**Information shown:**
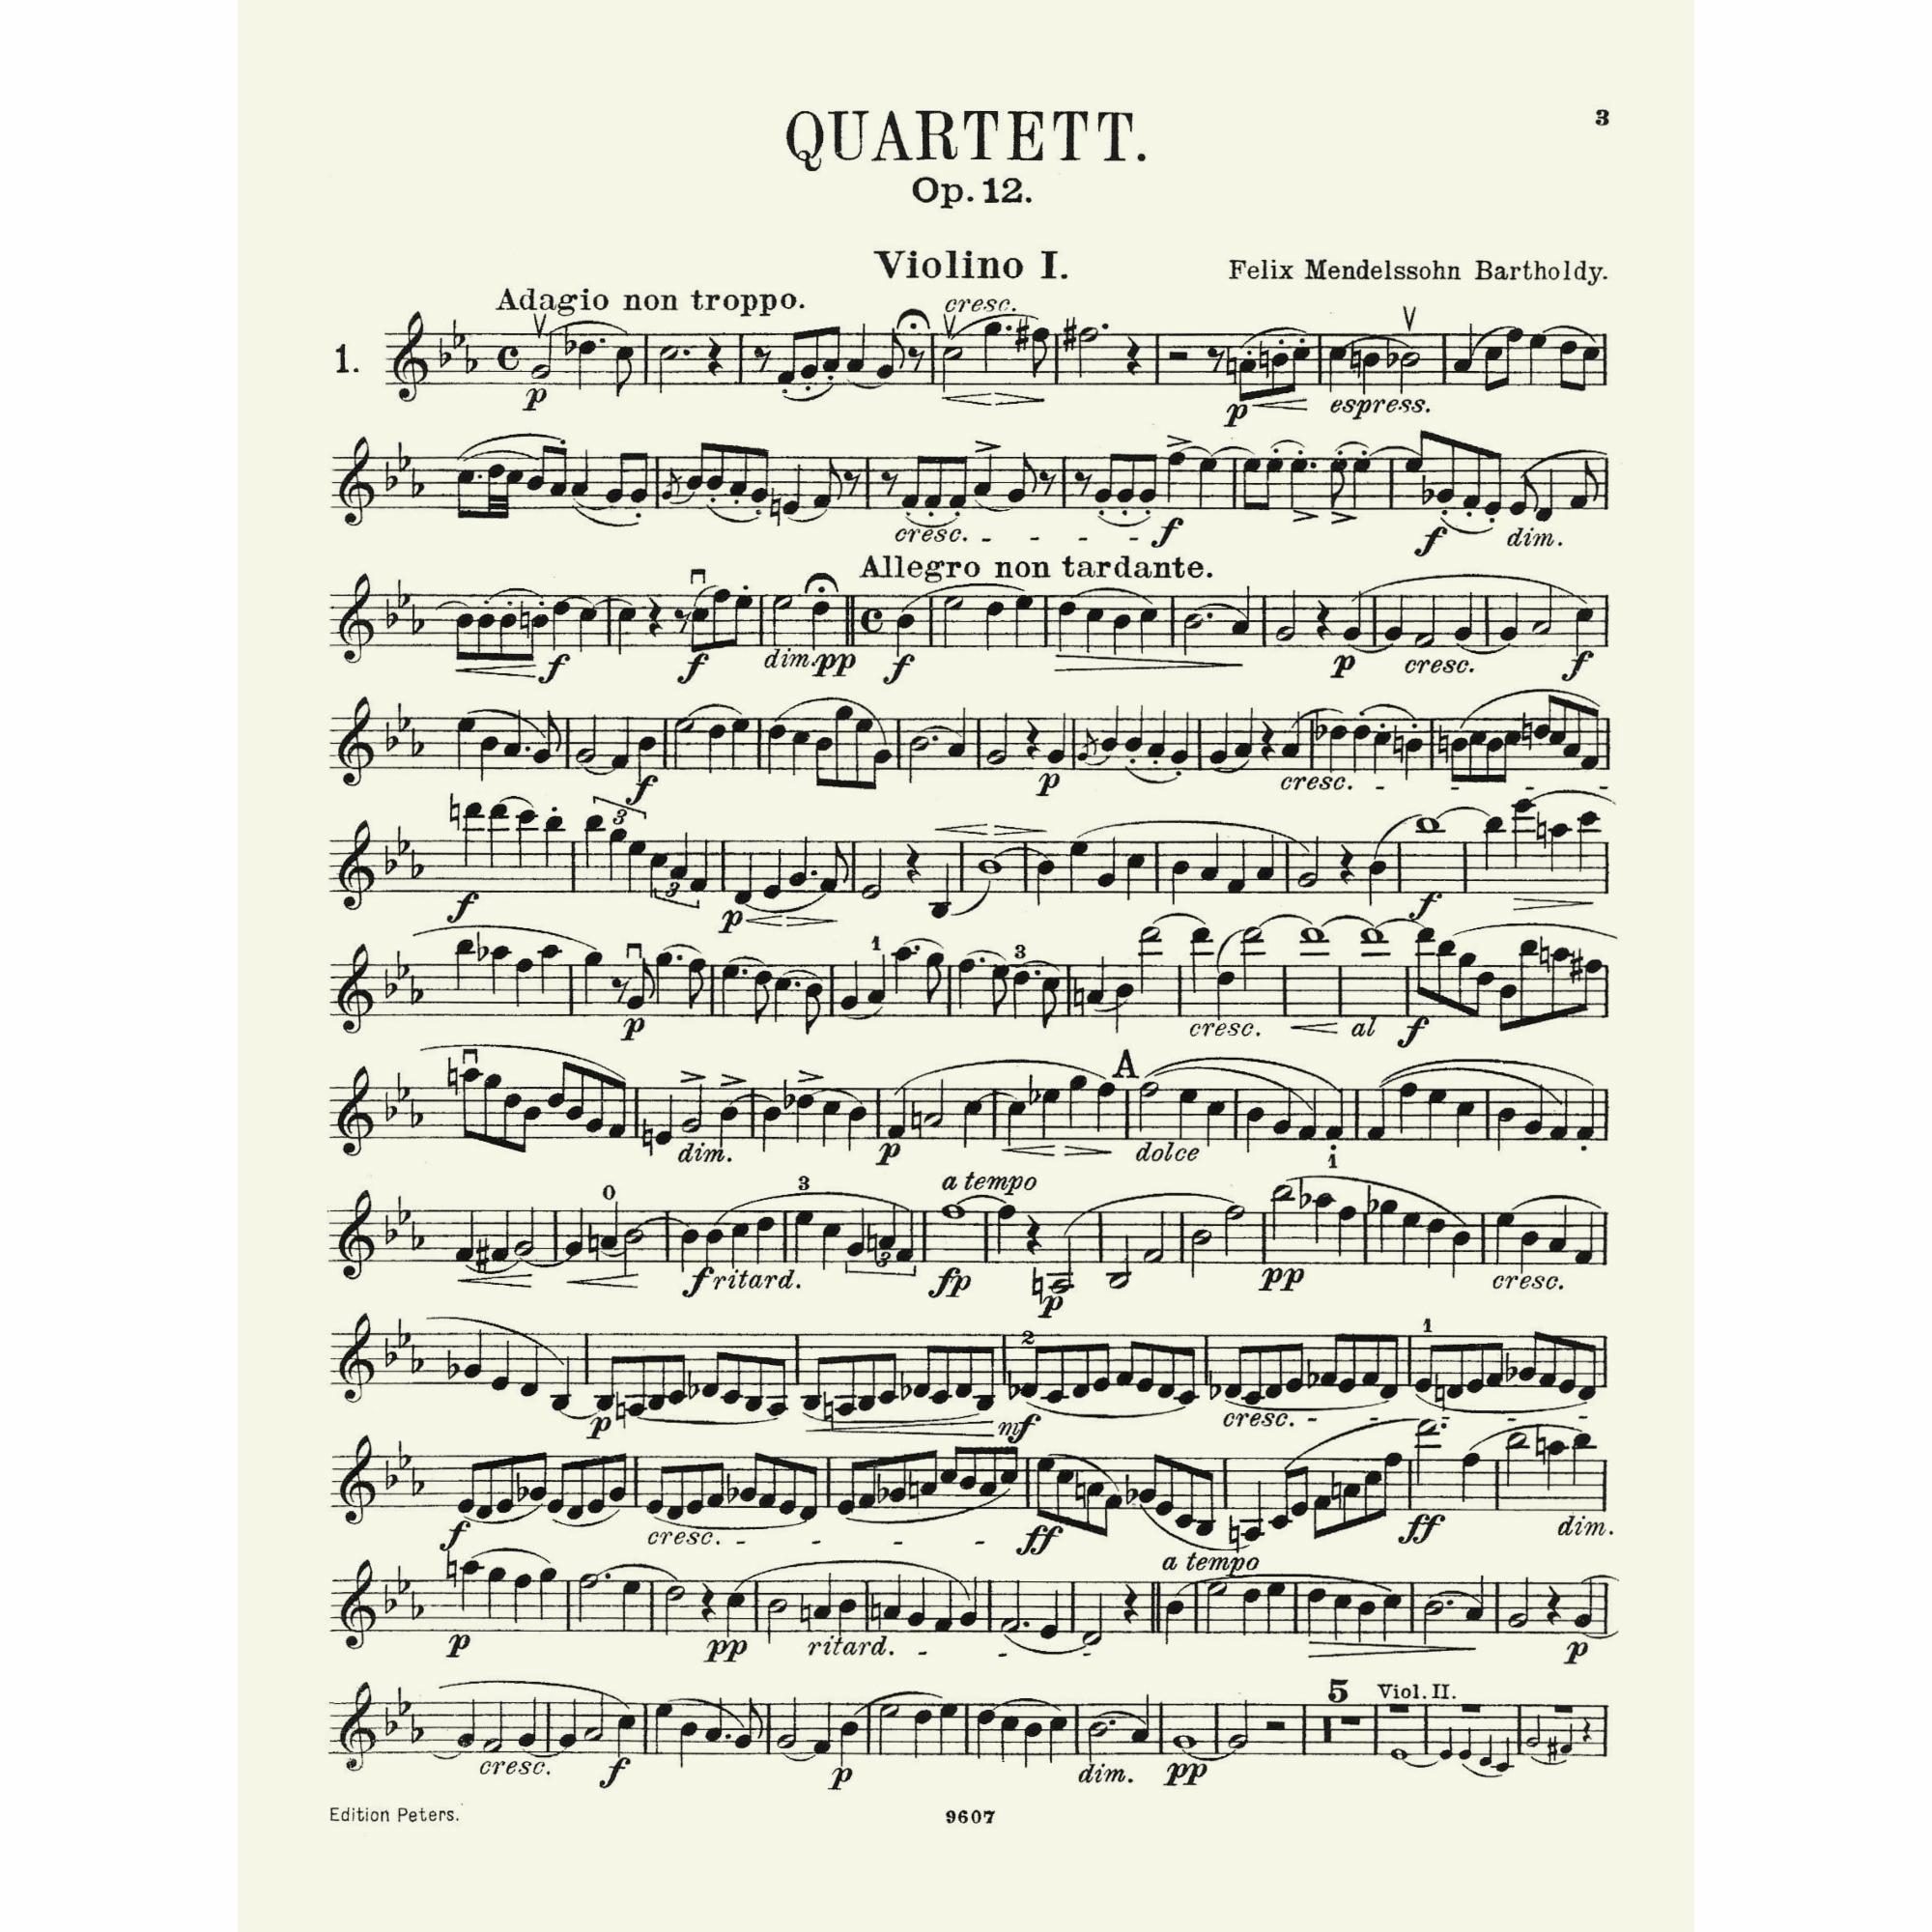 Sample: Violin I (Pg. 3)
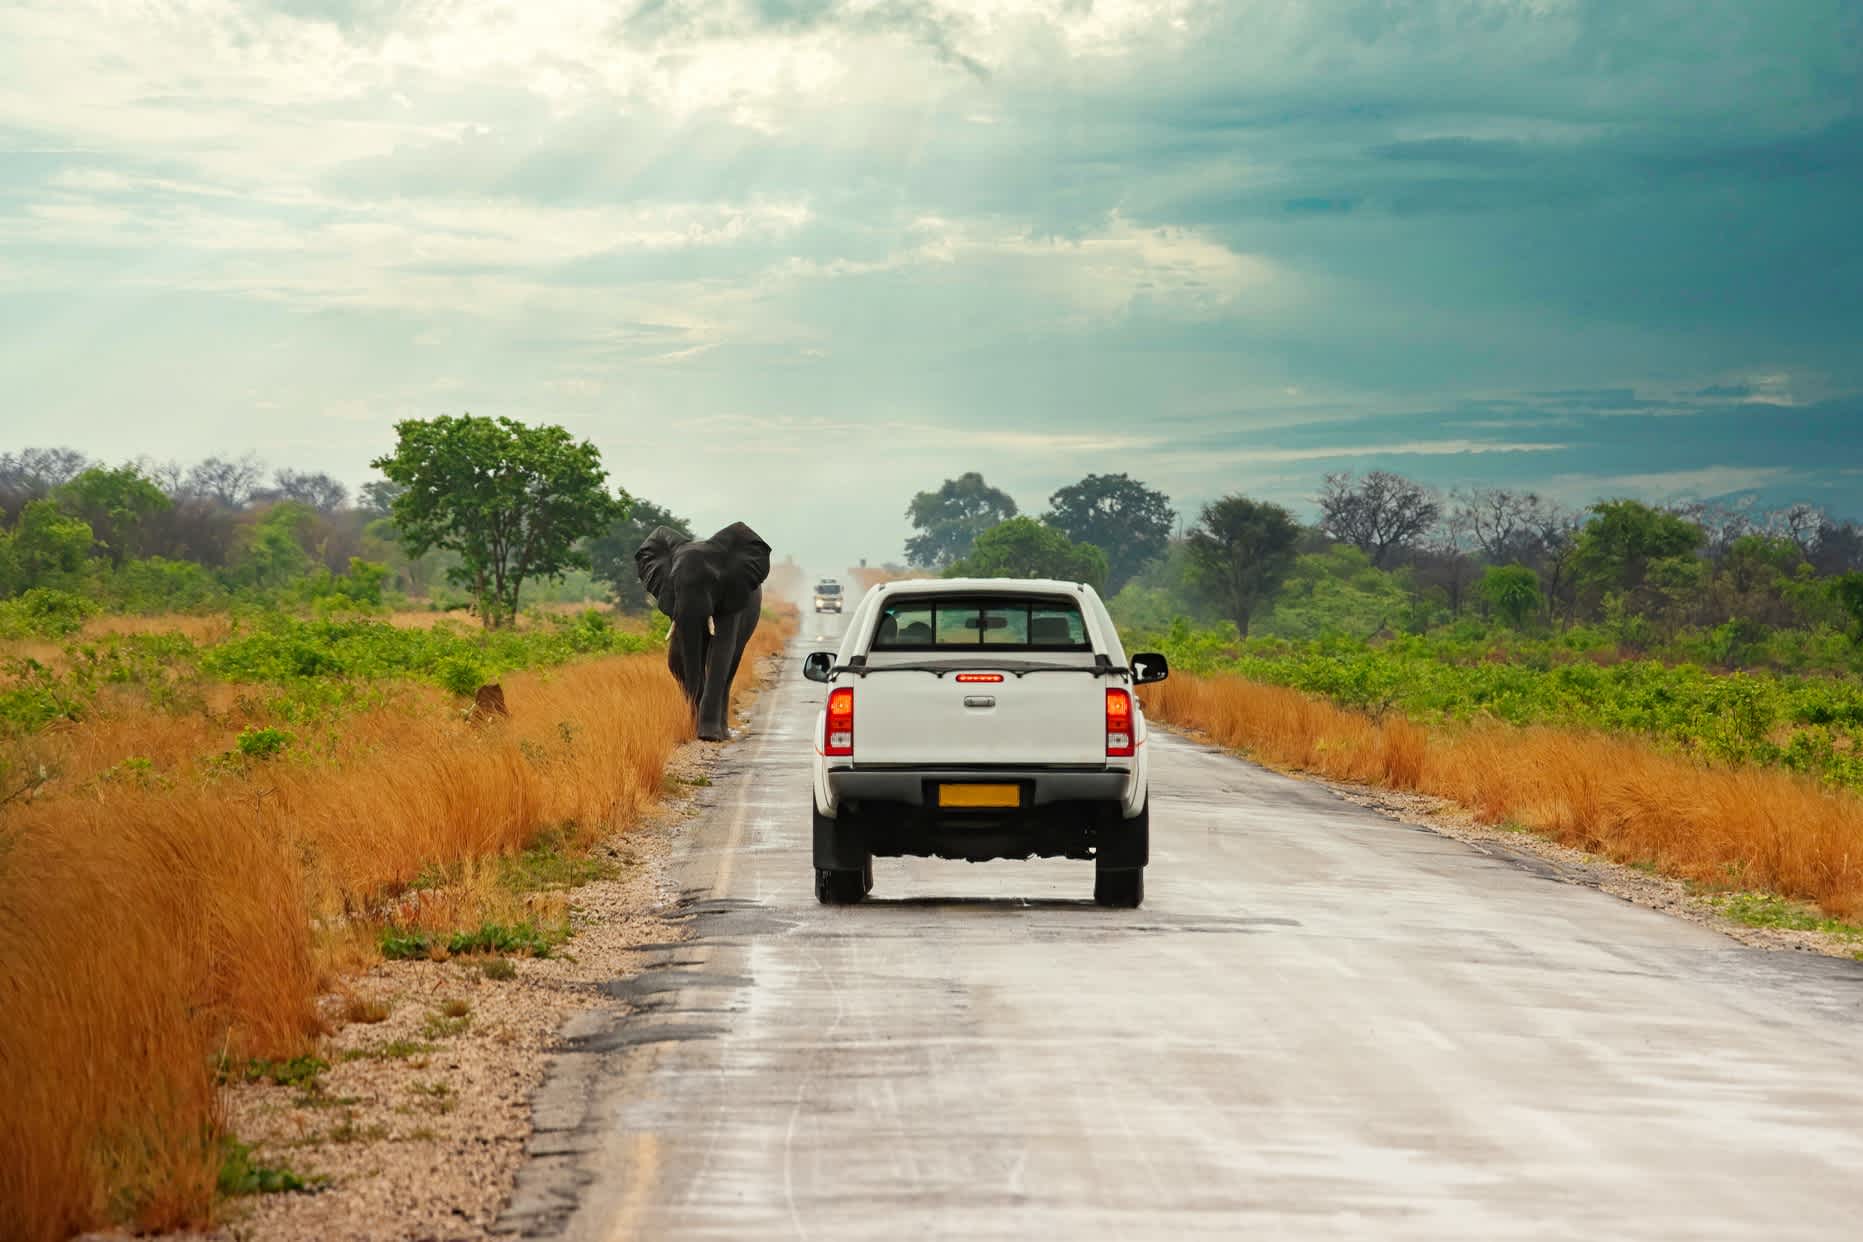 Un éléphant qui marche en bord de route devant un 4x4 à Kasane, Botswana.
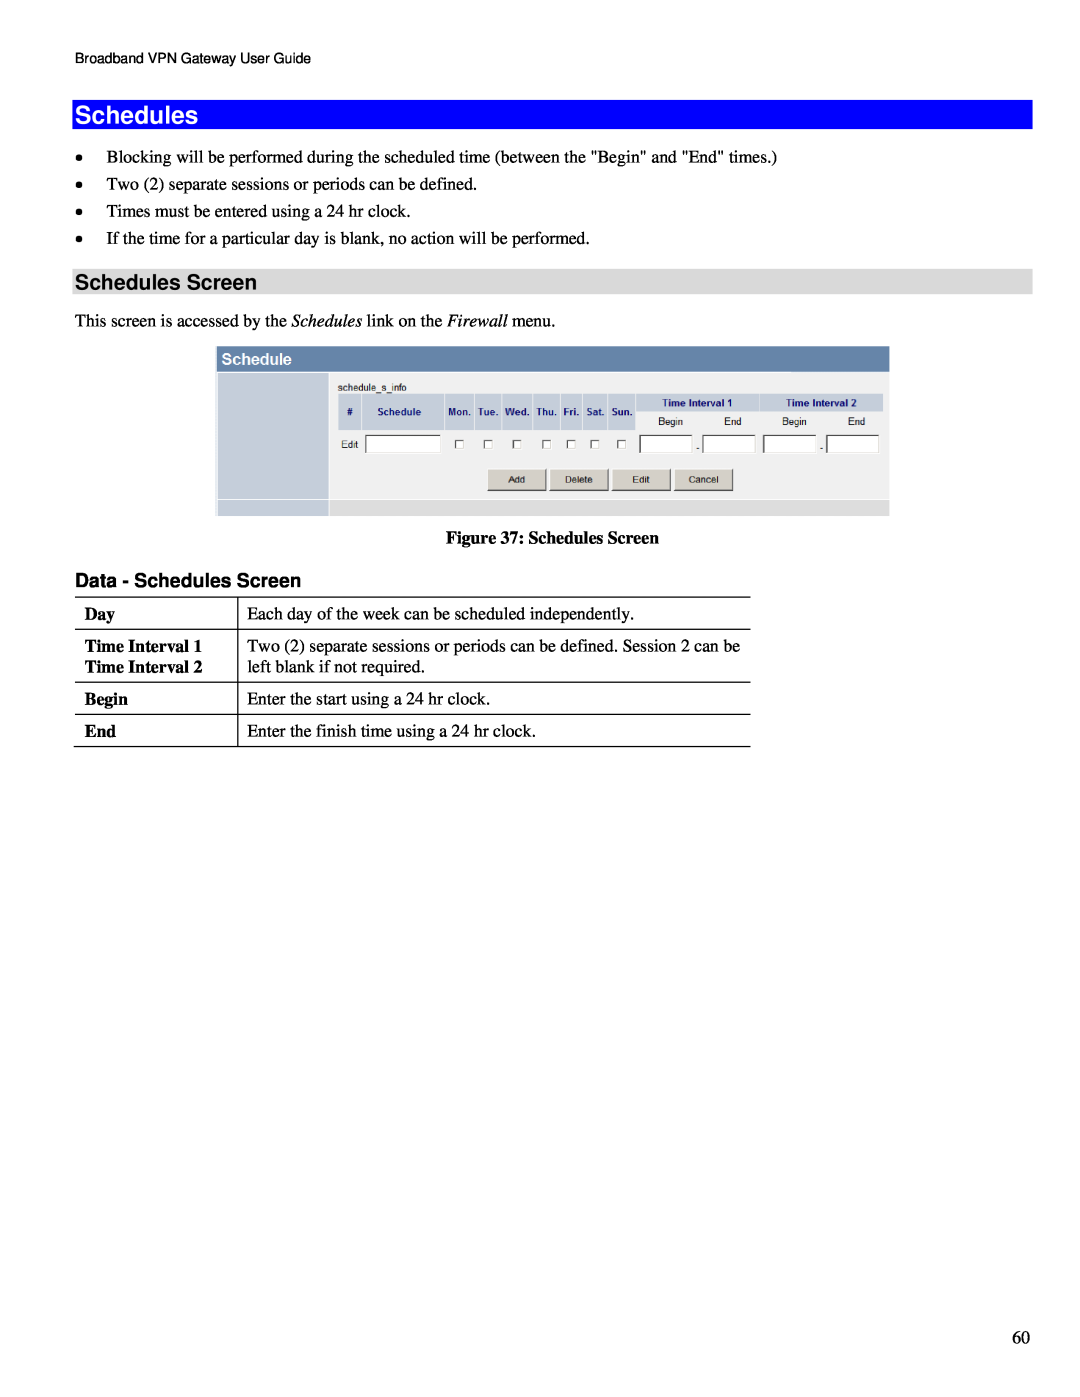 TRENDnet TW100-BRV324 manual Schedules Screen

**Problem statement:** The material should be duplicated word for word, with no images included.

**Answer below:**
 Sample: Violin I (Pg. 3)
 Un éléphant qui marche en bord de route devant un 4x4 à Kasane, Botswana.
 TRENDnet TW100-BRV324 manual Schedules Screen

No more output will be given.